# Analysis and Modelling of King County, WA Home Sale Prices

An analysis and model by Luluva Lakdawala, Amanda Potter and Leana Critchell

## Setting the Scene:

This project investigates the factors that determine housing prices in King County, Washington.  Our model and investigation is directed towards first time home buyers who are looking to live in a single family home.  Many factors contribute to real estate sales prices, and we aim to discover what some of these driving factors are. 

### Aims:

This project aims to:
- Investigate some of the features that appear to have a relationship with King County housing sale prices
- Develop a model that predicts housing prices in King County using the features that we identify
- Validate the following claims made by real estate professions:
    - Higher square footage increases home sale price
    - The presence of a nuisance (power lines, traffic noise, airport noise) decreases home sale price
    - Having a porch increases home sale price

### Definitions:

- Single family home:
    - A single family home is defined in this project as a single residence on one lot.  Condos are not included in our analysis/model but townhomes are.
- First-time home buyers:
    - Home buyers who are making their first ever home purchase.  We have made the assumption in our analysis that first-time home buyers will not typically buy homes greater than $2.5million 
- Model:
    - The term model referred to through this project is in reference to the linear regression model which we build to explain the variance in home sale prices
- Features:
    - Features refer to the independent variables we choose for our model to help predict sale prices
- Target:
    - Sale Price is our target variable which our model aims to predict

### Data:

The data used in this project is from the King County Department of Assessments website and can be found [here](https://info.kingcounty.gov/assessor/DataDownload/default.aspx).  From this link, you can find the files/tables that were used in this project:
- Real Property Sales
- Parcel
- Residential Building
- Lookup

Our analysis was only looking at the most recent data from 2019 so the data was filtered to this accordingly. 

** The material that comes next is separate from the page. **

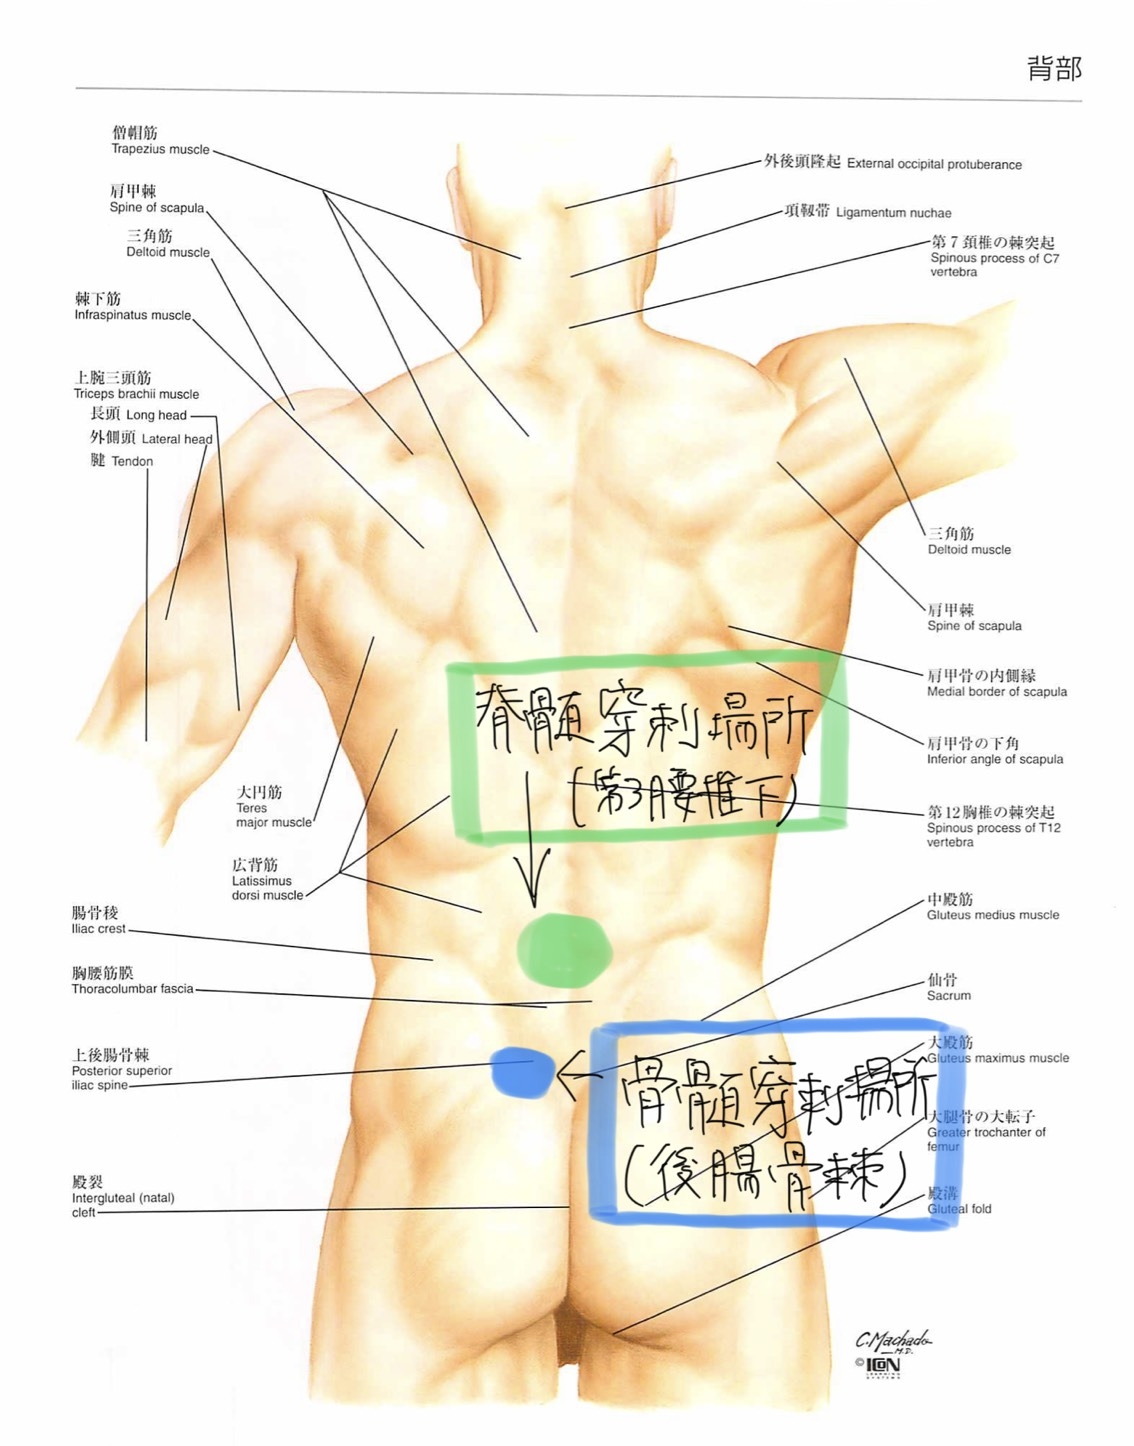 骨髄穿刺と脊髄穿刺の穿刺場所の違い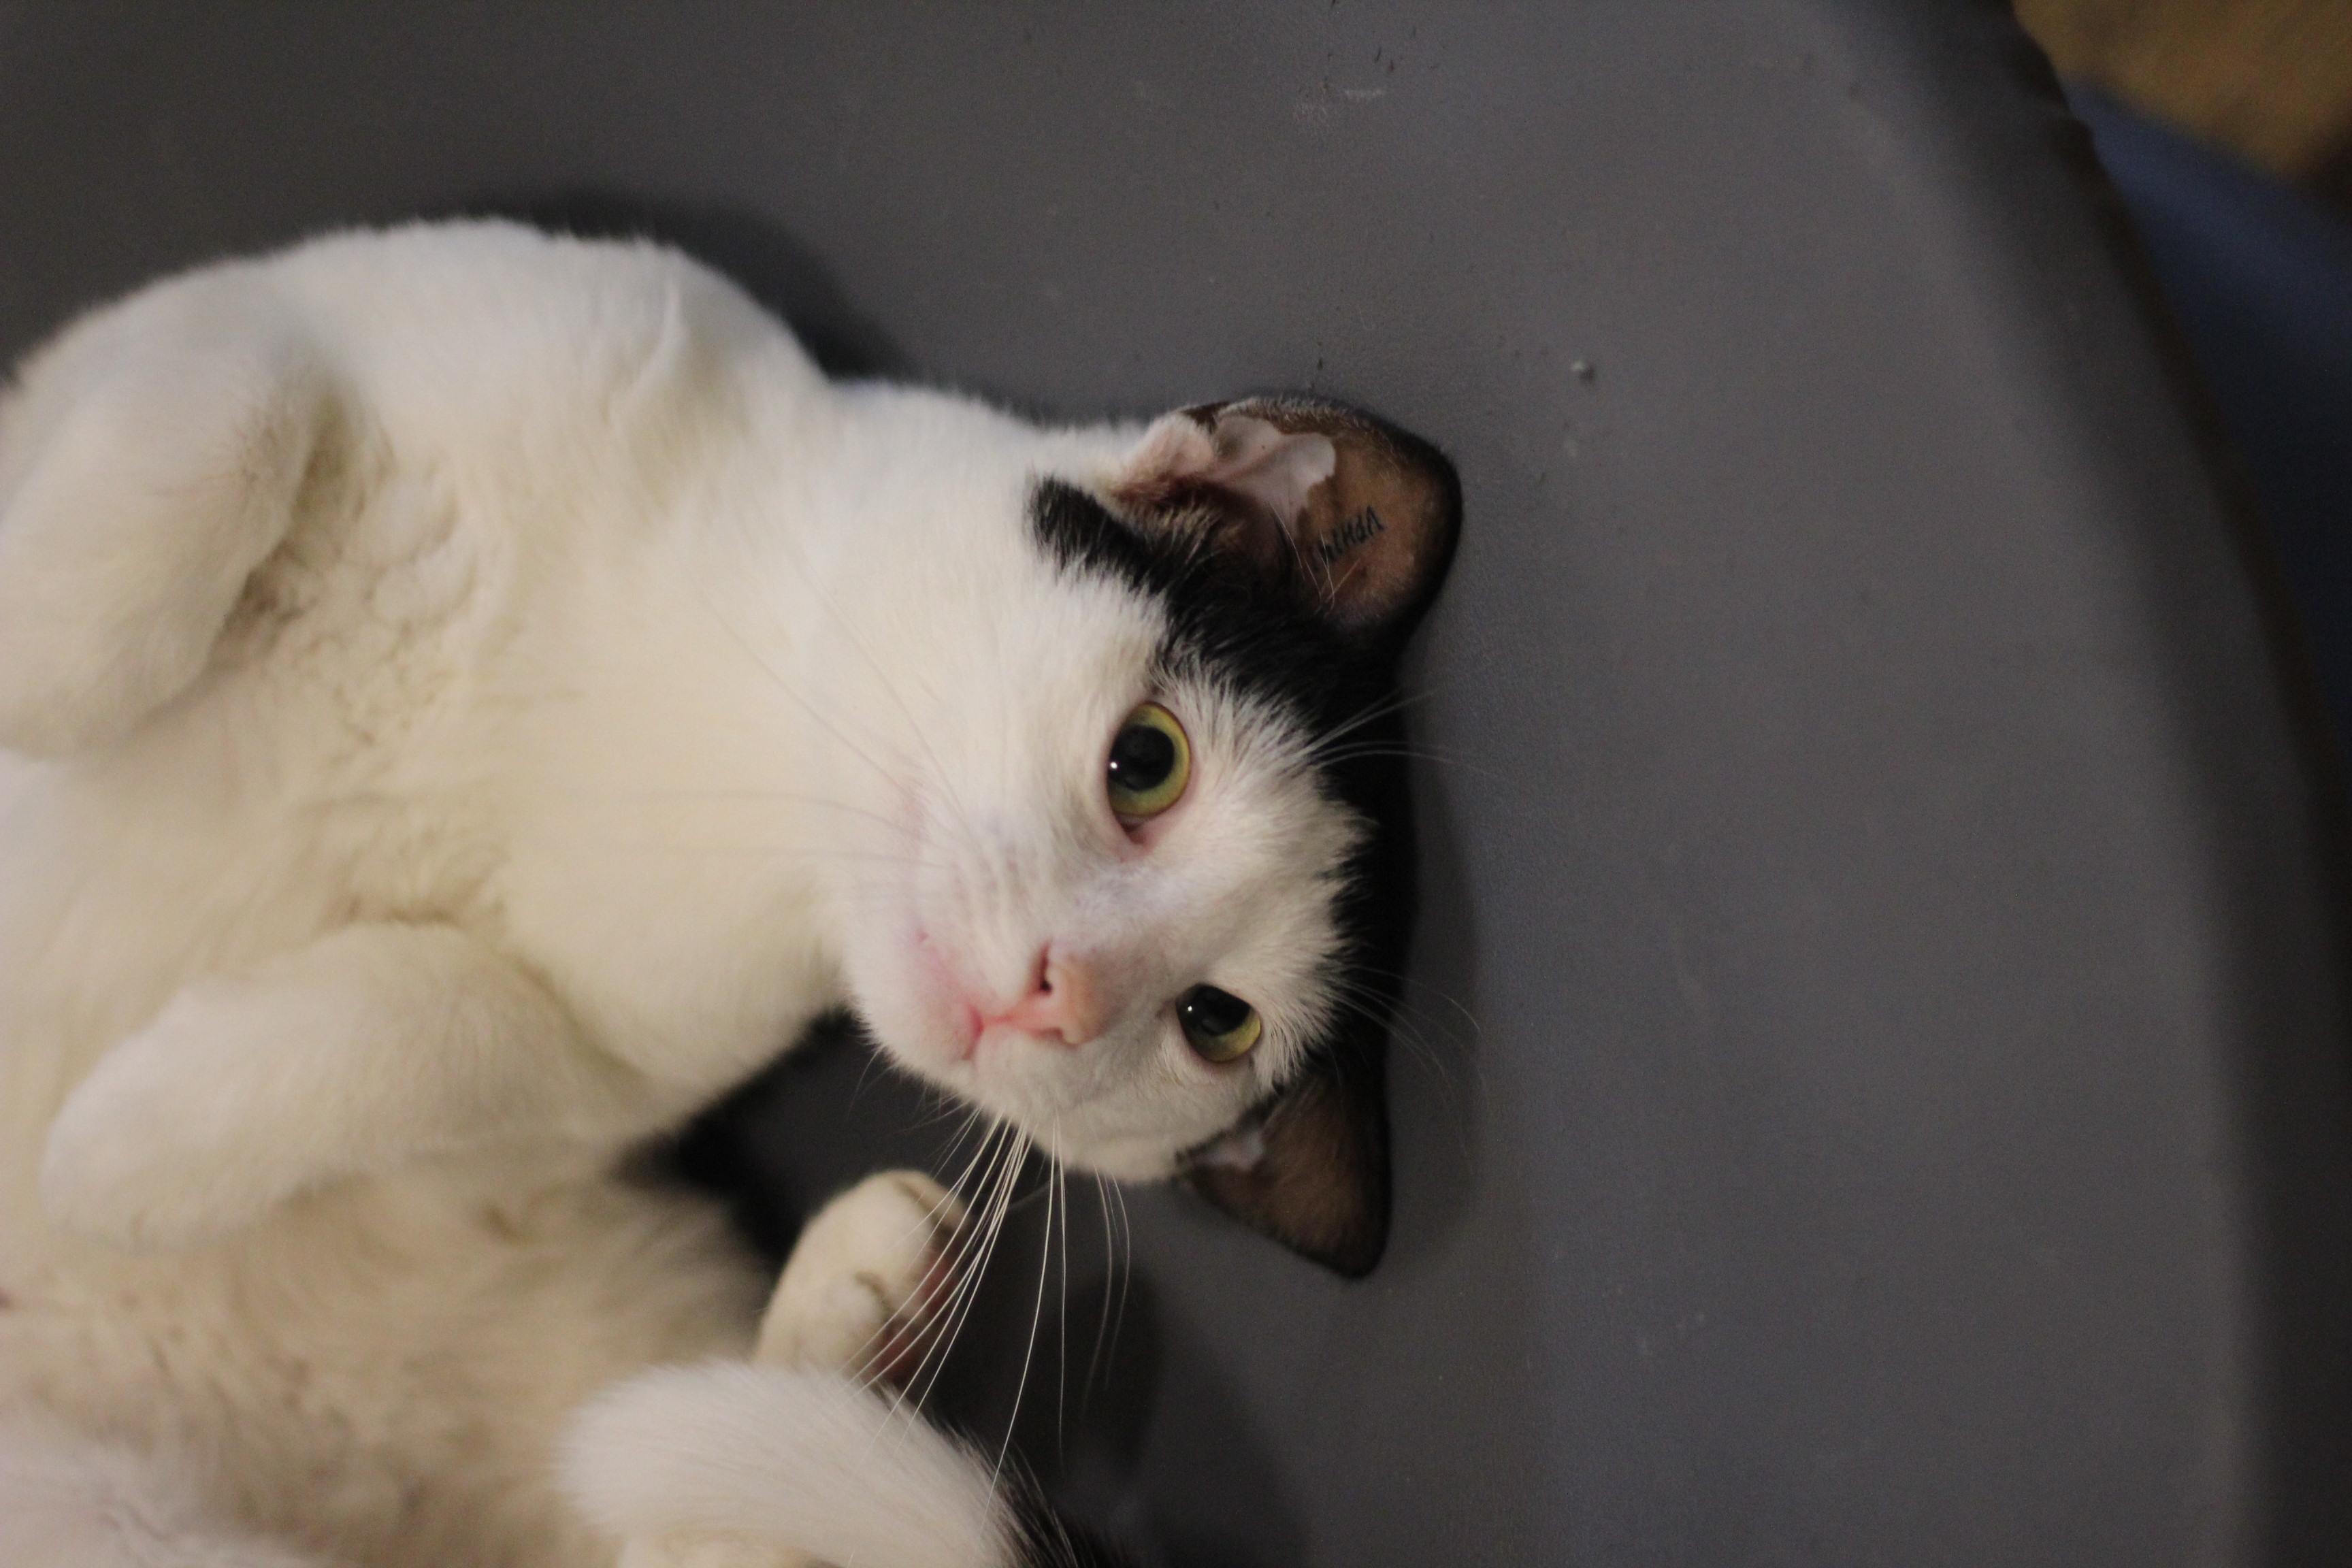 Milo er verdens mest kælne kat - sagde pigerne ved dyrlægerne da vi hentede ham efter kastration. han er bare den bedste - han kan lide andre katte og elsker selskab. ca 1 år.

Additional information about the table identifiers can be found [here](https://www5.kingcounty.gov/sdc/Metadata.aspx?Layer=parcel#AttributeInfo).

### Analysis Takeaways, Future Investigations and Recommendations:

- Our analysis finds square footage of total living area, porch and deck, bathroom count, building grade and township to be some of the more significant driving factors of home sale prices.
- We find that a higher square footage does increase home sale prices in King County
- We find that the presence of nuisances has little affect on home sale prices in King County
- We find that having a porch does increase the home sale price in King County
- Is there a large difference in pricing when looking at condominiums?
- What are the drivers of price in the upper bounds of the market?
- Think about buying smaller and adding extension later
- Consider homes without decks/porches and add later to increase value
- Bathrooms are expensive - look for homes that already have the number of baths you desire even at the expense of square footage



# Data Cleaning and Exploratory Data Analysis:

In [1]:
%load_ext autoreload
%autoreload 2

## Imports

In [10]:
# imports needed throughout analysis and modelling
import pandas as pd
import numpy as np
import seaborn as sns
import matplotlib.pyplot as plt
%matplotlib inline
sns.set_style('dark')

from statsmodels.formula.api import ols
import statsmodels.api as sm
import scipy.stats as stats

import os
import sys

module_path = os.path.abspath(os.path.join(os.pardir, os.pardir))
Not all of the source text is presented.